I kept looking out my window periodically throughout the morning at the coyote. He was standing in the same spot like a noble beast of the land standing guard over his domain like a mangy lion. A very small lion, but a lion nonetheless. He peered over a domain made of fake hills and man made ponds. A domain that isn’t really all that conducive to wild animals.
An hour or so passed and I kept looking out the window at the coyote and he remained in the same exact spot while golfers played cautiously near it. The golfers seemed to be taken aback but un-phased. It was amazing how stoic this beast appeared. I even Googled coyotes to see if they have some sort of ability to stand in the same spot for long periods of time.
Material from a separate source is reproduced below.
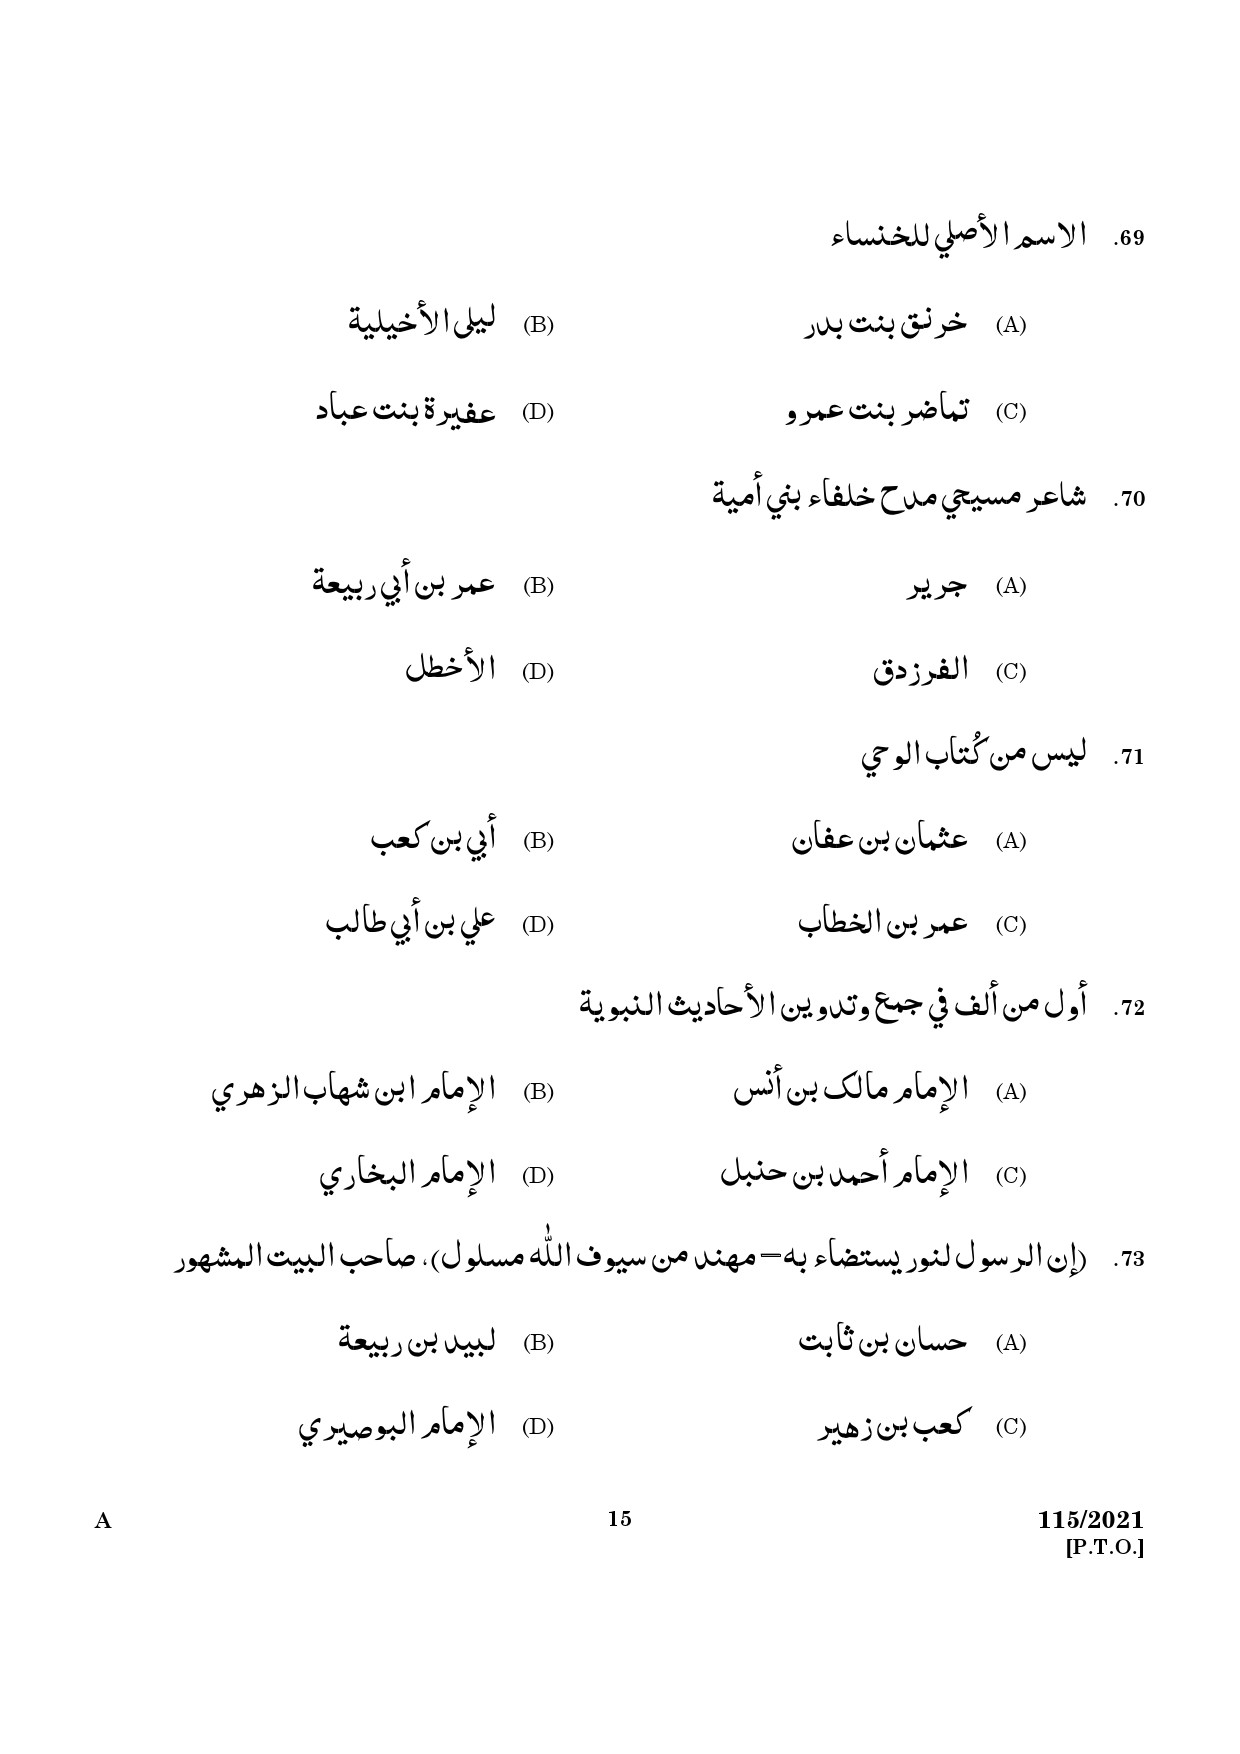 KPSC Part Time Junior Language Teacher Arabic Exam 2021 Code 1152021 13

Nope.
I decided to look for my binoculars to get a closer look at this creature of the wild. These are the same binoculars I use for all of my other wildlife observations which I say only as a way to make me seem more of a clever observer of the wild and not some creep with binoculars. I found them and peered into them at the coyote. What a mangy creature he was. His face was spotted and he resembled a dingo. He seemed to be smaller than I thought but he was still a bit fierce looking. I thought it odd that this coyote was able to stand on one leg as well as three of his legs weren’t even touching the ground. What a discovery I’d found. A coyote with the dexterity of a 12 year old Asian acrobat girl you see on TV. Wait. Wait. Something was wrong.
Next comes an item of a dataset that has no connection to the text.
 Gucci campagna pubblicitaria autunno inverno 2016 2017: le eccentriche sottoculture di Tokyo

A man approached the floating coyote. Here it comes! Not only was I looking at a coyote who could stand on one leg but I was gonna see someone get mauled by this acrobatic specimen of wildlife. He moved it. He simply picked it up and move it. Turns out it wasn’t real. It is some sort of deterrent to who or whatever is deterred by fake coyotes.
And that’s what made me feel like a winner today.
Thanks a lot realistic coyote decoy makers.